I was facing him now, using the word loosely. He stood about 160 centimetres at the most and his build would have to be described as puny. The magic of television had concealed this.
He saw my reaction. ‘Yeah, I know,’ he said. ‘People think I’m a six-footer like you.’
I shook his hand. ‘Jean-Paul Sartre was one fifty-eight centimetres on his best days,’ I said.
He laughed. ‘Thank you for that. Your eulogy was good. Spot on.’
‘You knew Lily?’
‘A bit in the early days when we were wage slaves. She had the handicap of being a woman, and I was too fucking small to be taken seriously.’
‘You both did okay.’
He placed his glass on the balcony rail. Looked like scotch. He wore an expensive lightweight suit. I was in a dark blazer and dark pants, blue shirt-closest I could get to the suit look. No tie. Lily said ties were as stupid as gloves and she was right.
‘I’d like to have a talk with you,’ Townsend said. ‘Here, if you’re agreeable, or later if you’d prefer it.’
He might have looked different from his TV persona but his strong, resonant, convincing voice was the same. I had a feeling he’d be worth talking to.

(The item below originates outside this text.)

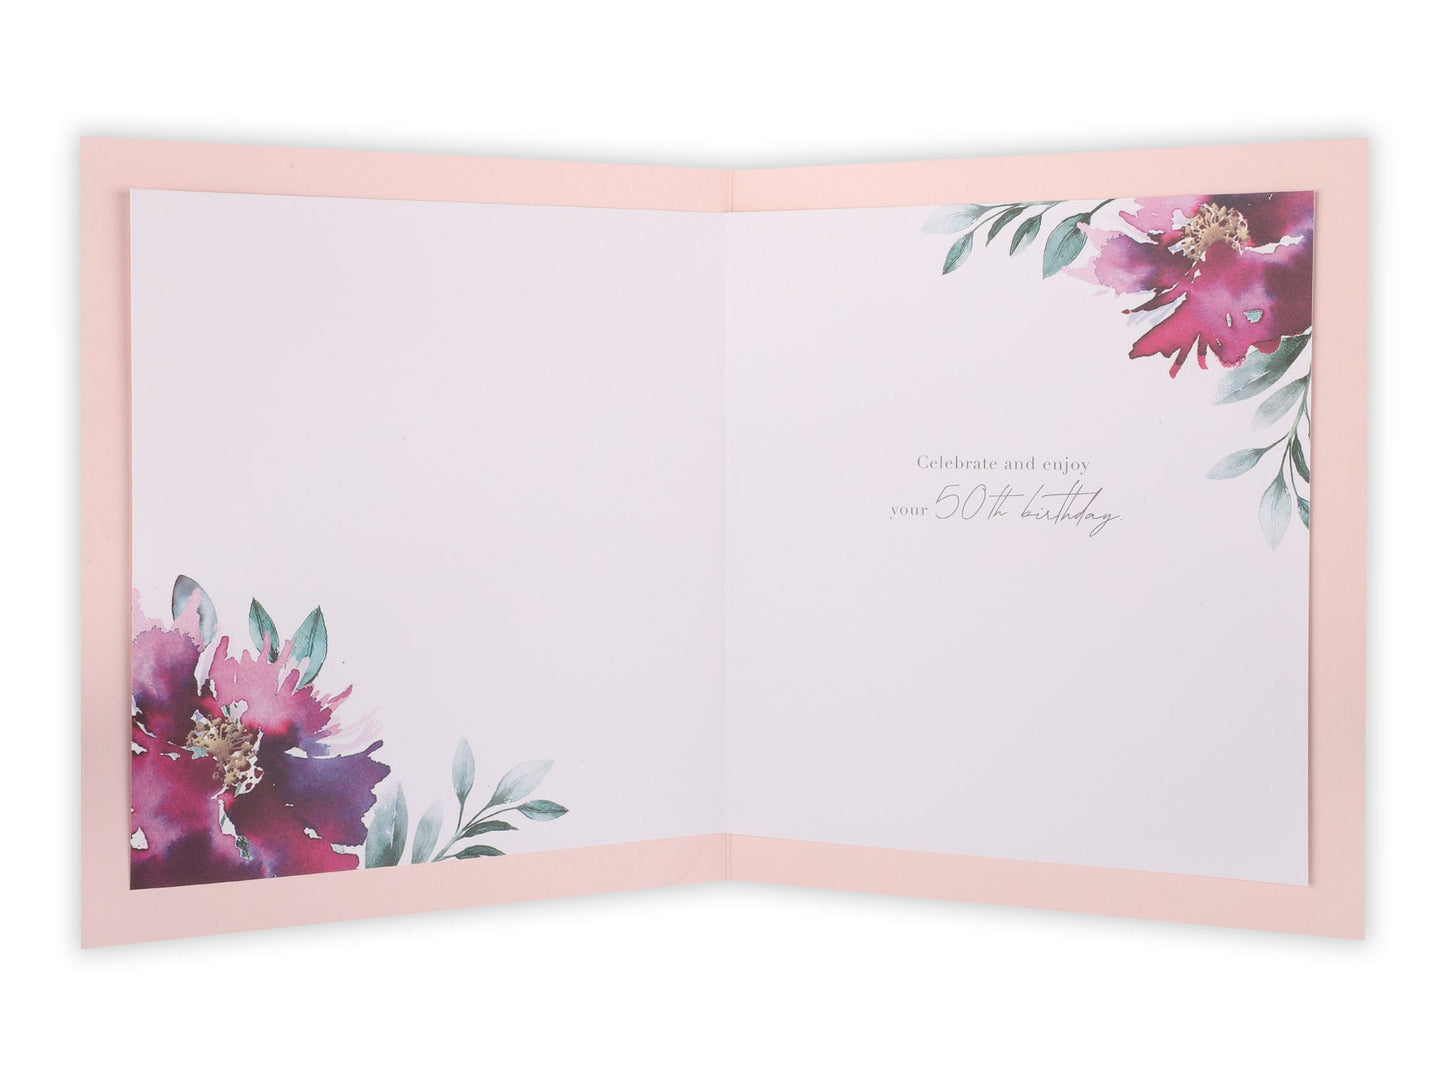 50th Ruby Bloom Birthday Card Pastel Florals

In a strange way he reminded me of Lily-smaller, of course.
‘Now’d be good,’ I said. ‘Lately I’ve been talking mostly to myself. What about a drink? Was that scotch?’

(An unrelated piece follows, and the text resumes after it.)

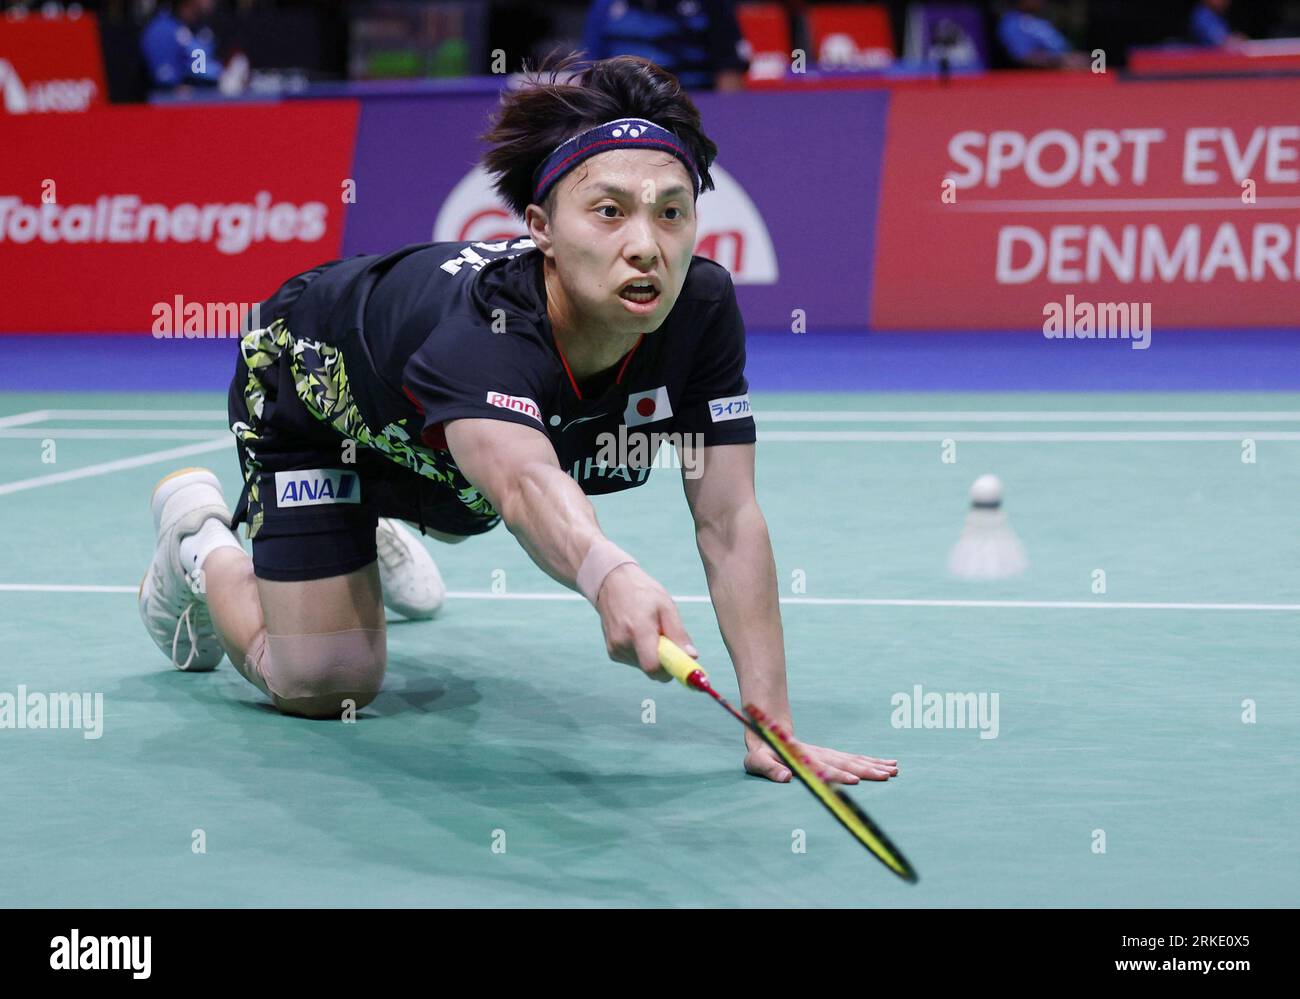 Kodai Naraoka, du Japon, se met à genoux lors d'un match de ...

He nodded. I picked up his glass and mine and headed for the bar. The crowd had thinned out a bit but not much. You can count on journos to form a good, solid hard core at any boozy bash. They’ve always got plenty to talk about and it takes a long while for the grog to make them boring.
Muddy was doing his number: Lily and I had seen the movie of the Band’s supposed last performance- The Last Waltz — before they kept reincarnating. Muddy had done the song in his suit, but still managed to look as if he was down on the delta:
Ain’t that a man?
Ain’t that a man, child?
I did some handshaking and nodding on the way to the bar. I ate a couple of ham and cheese sandwiches while I waited to name my poison. I got my hands around two scotches large enough to sustain a decent talk and went back out onto the deck. Townsend was still there and on his own. I finished half my drink before I even got there. With the first drink and the wines- probably three if I was honest-on board and the emotional drag, the whisky hit me. I was suddenly conscious of the need to walk carefully and watch where I was going.